-- Exercise aim --
Please reproduce the lines from the one containing "Old cabin sitting" through the end of the data below exactly as they stand, and omit all pictures.

-- Supplied material --
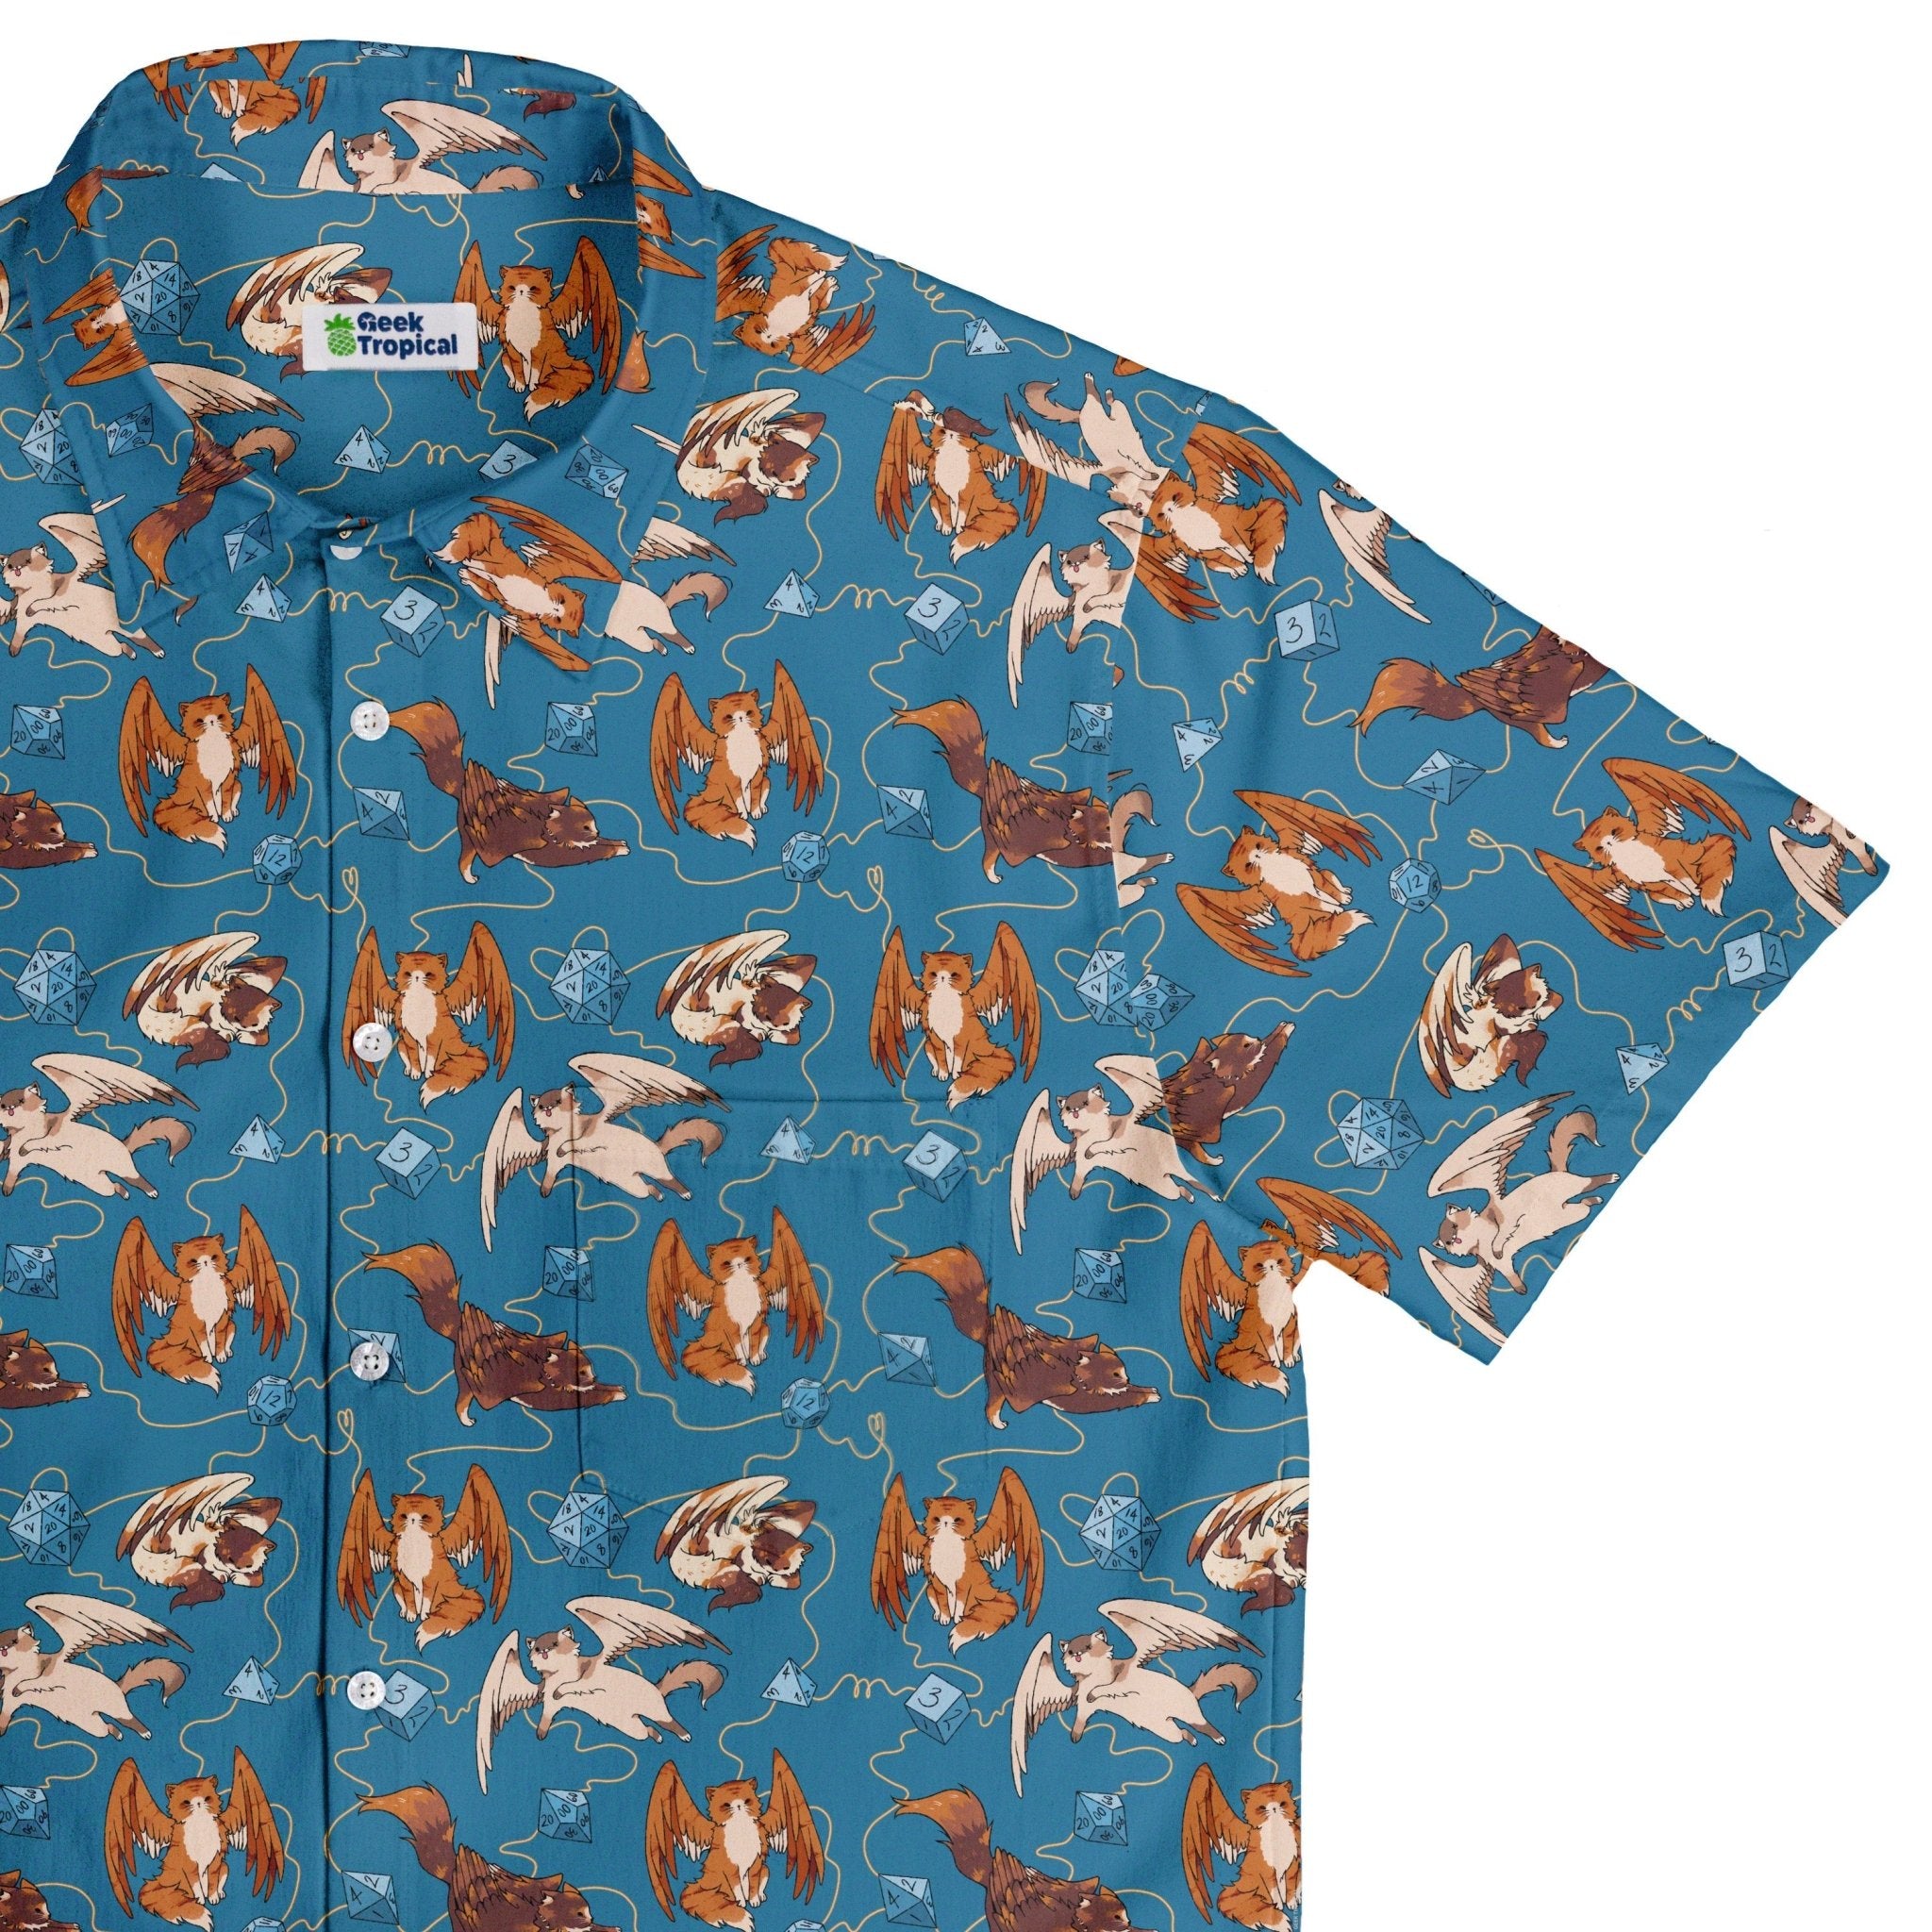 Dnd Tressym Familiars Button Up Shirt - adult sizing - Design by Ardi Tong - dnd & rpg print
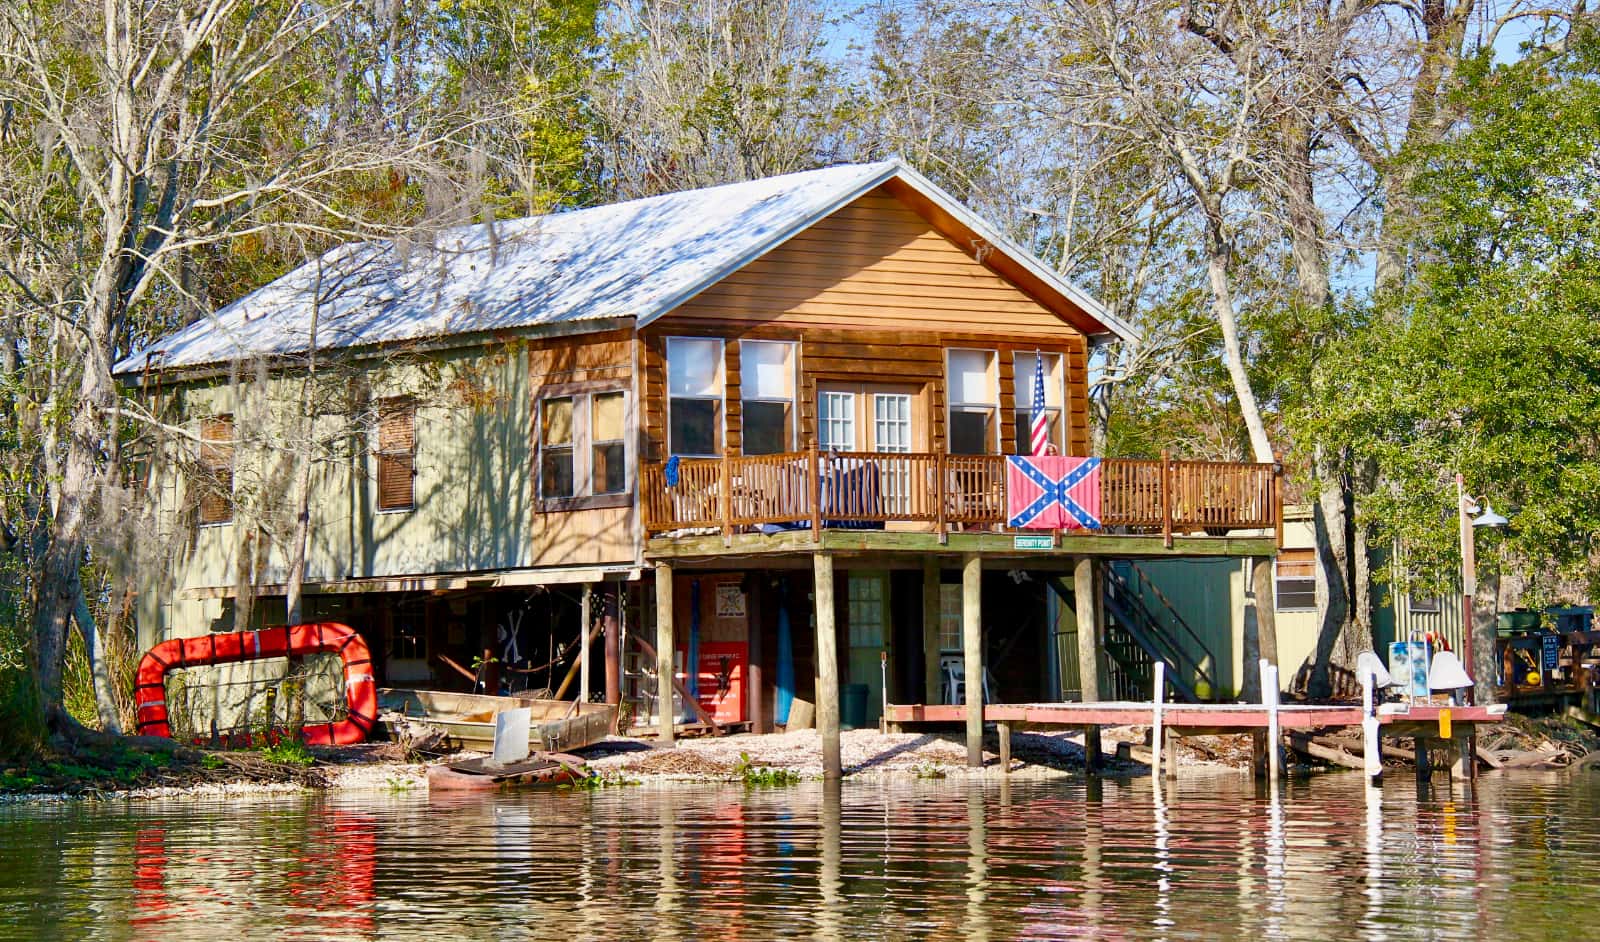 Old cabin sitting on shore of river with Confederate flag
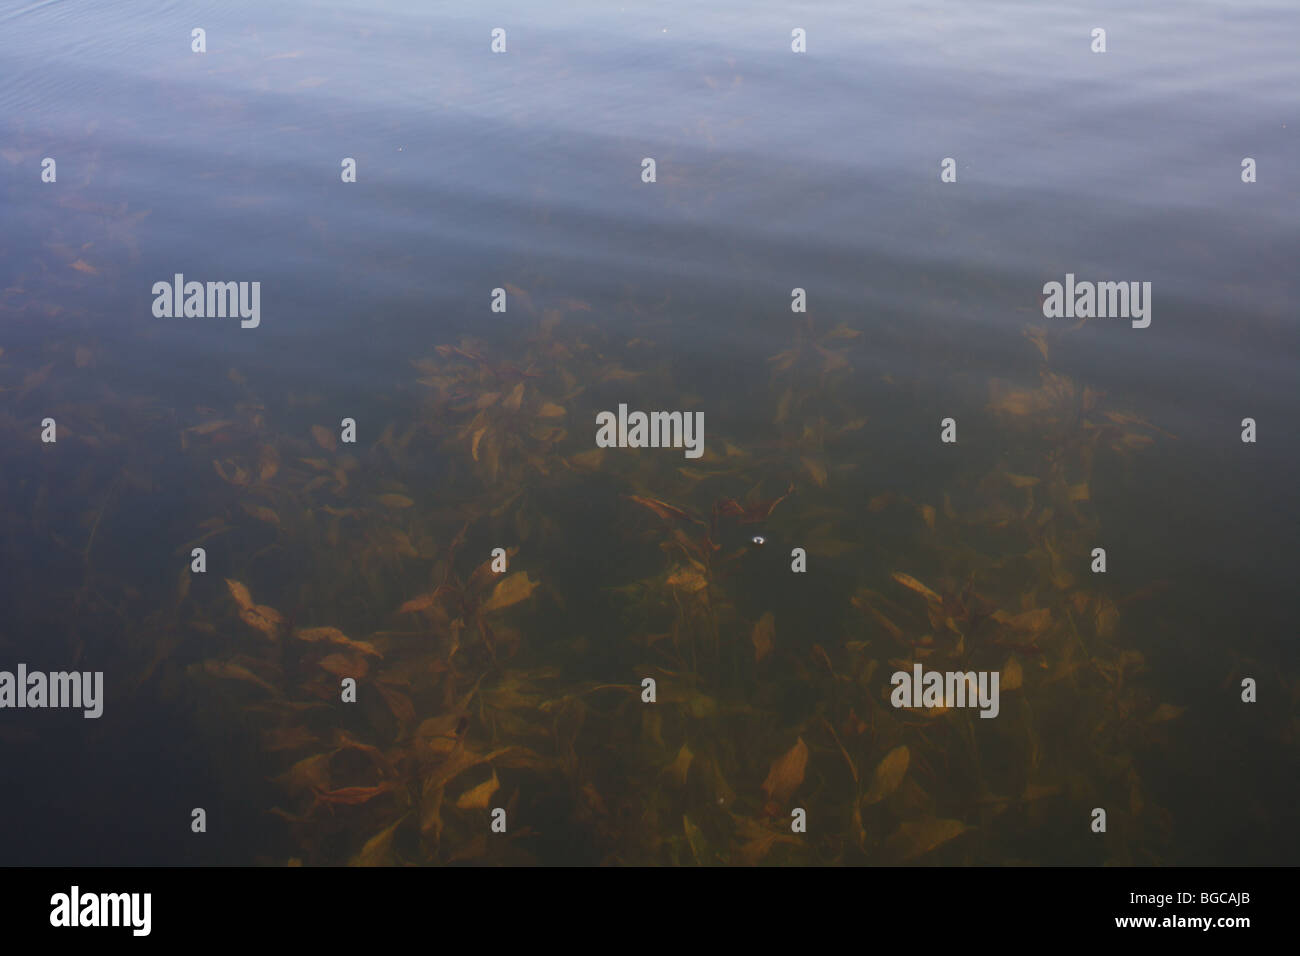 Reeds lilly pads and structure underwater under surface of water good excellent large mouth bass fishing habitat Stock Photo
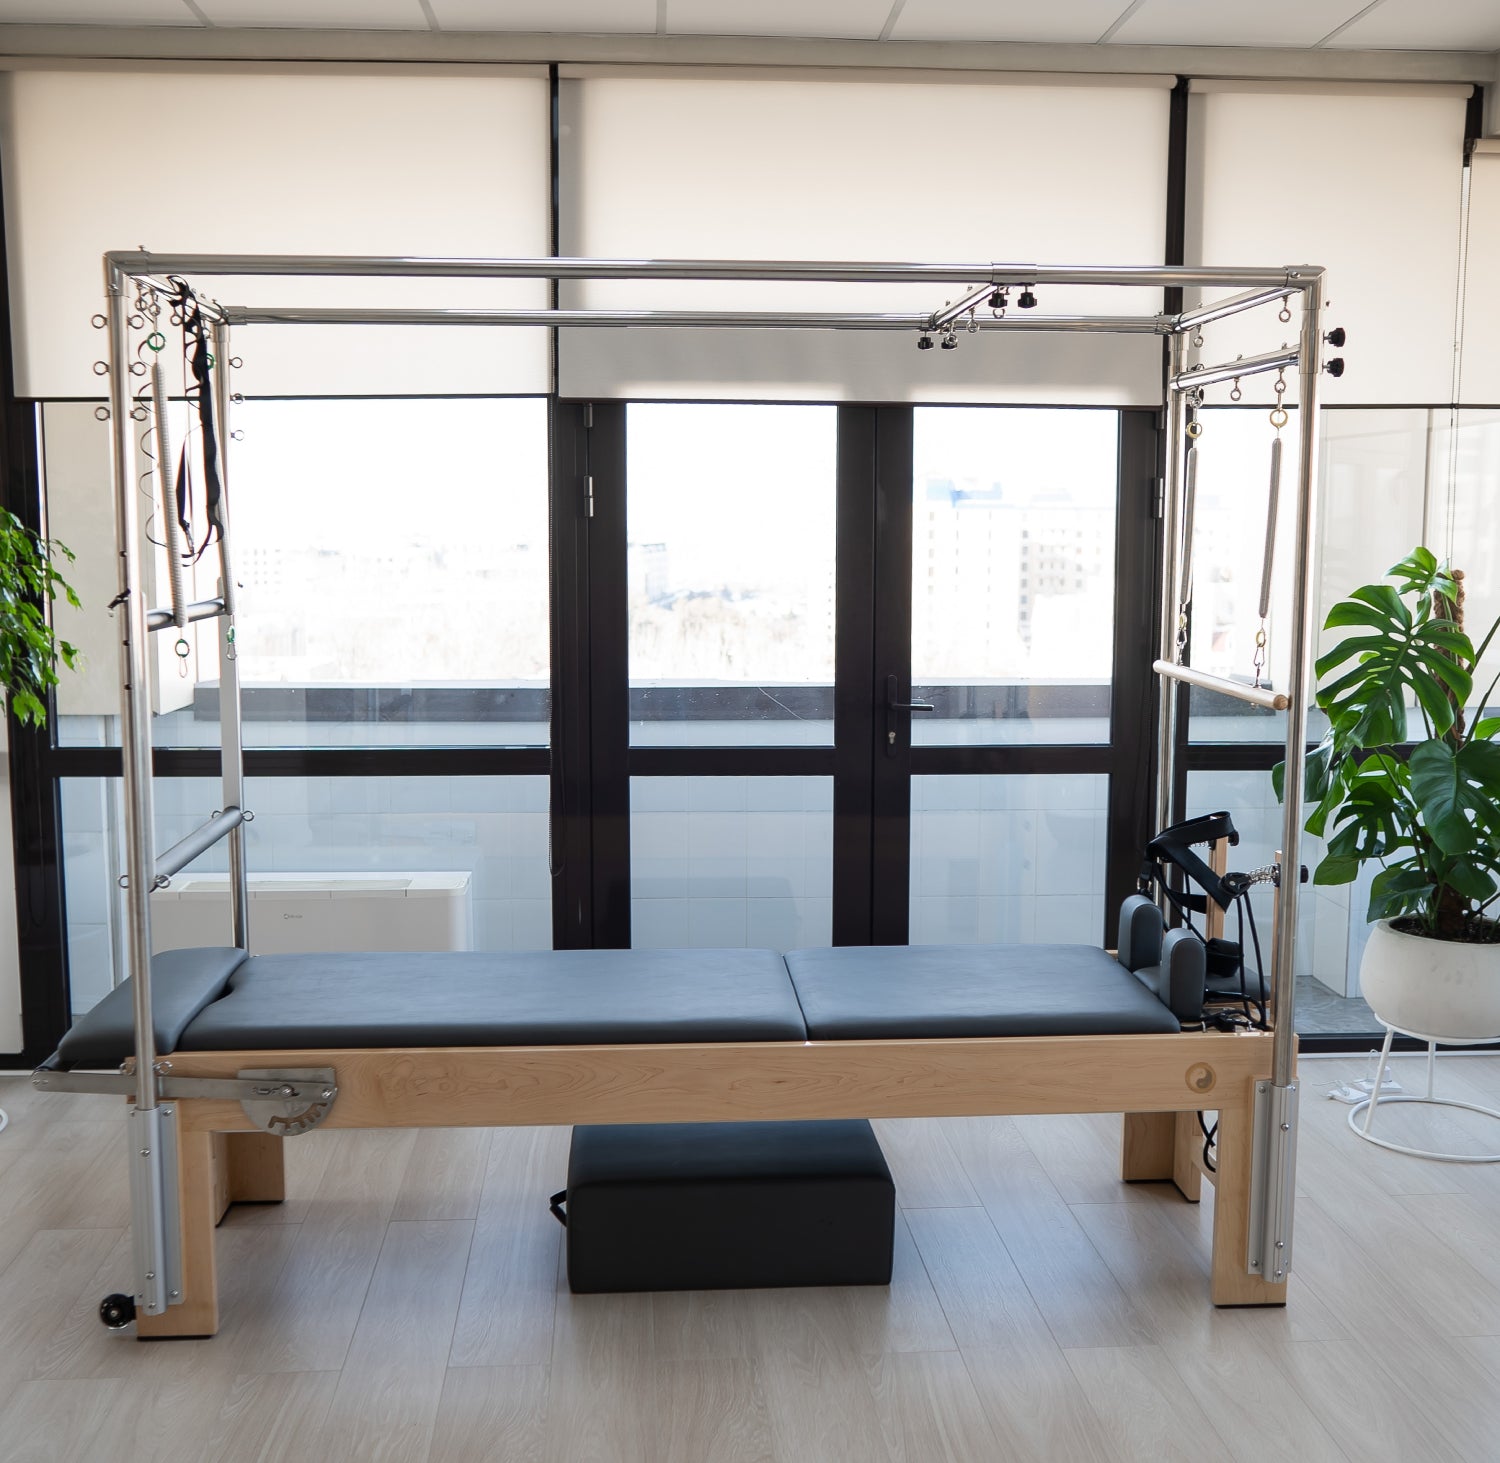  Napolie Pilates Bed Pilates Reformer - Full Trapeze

-- Response --
 Old cabin sitting on shore of river with Confederate flag
 Reeds lilly pads and structure underwater under surface of water good excellent large mouth bass fishing habitat Stock Photo
  Napolie Pilates Bed Pilates Reformer - Full Trapeze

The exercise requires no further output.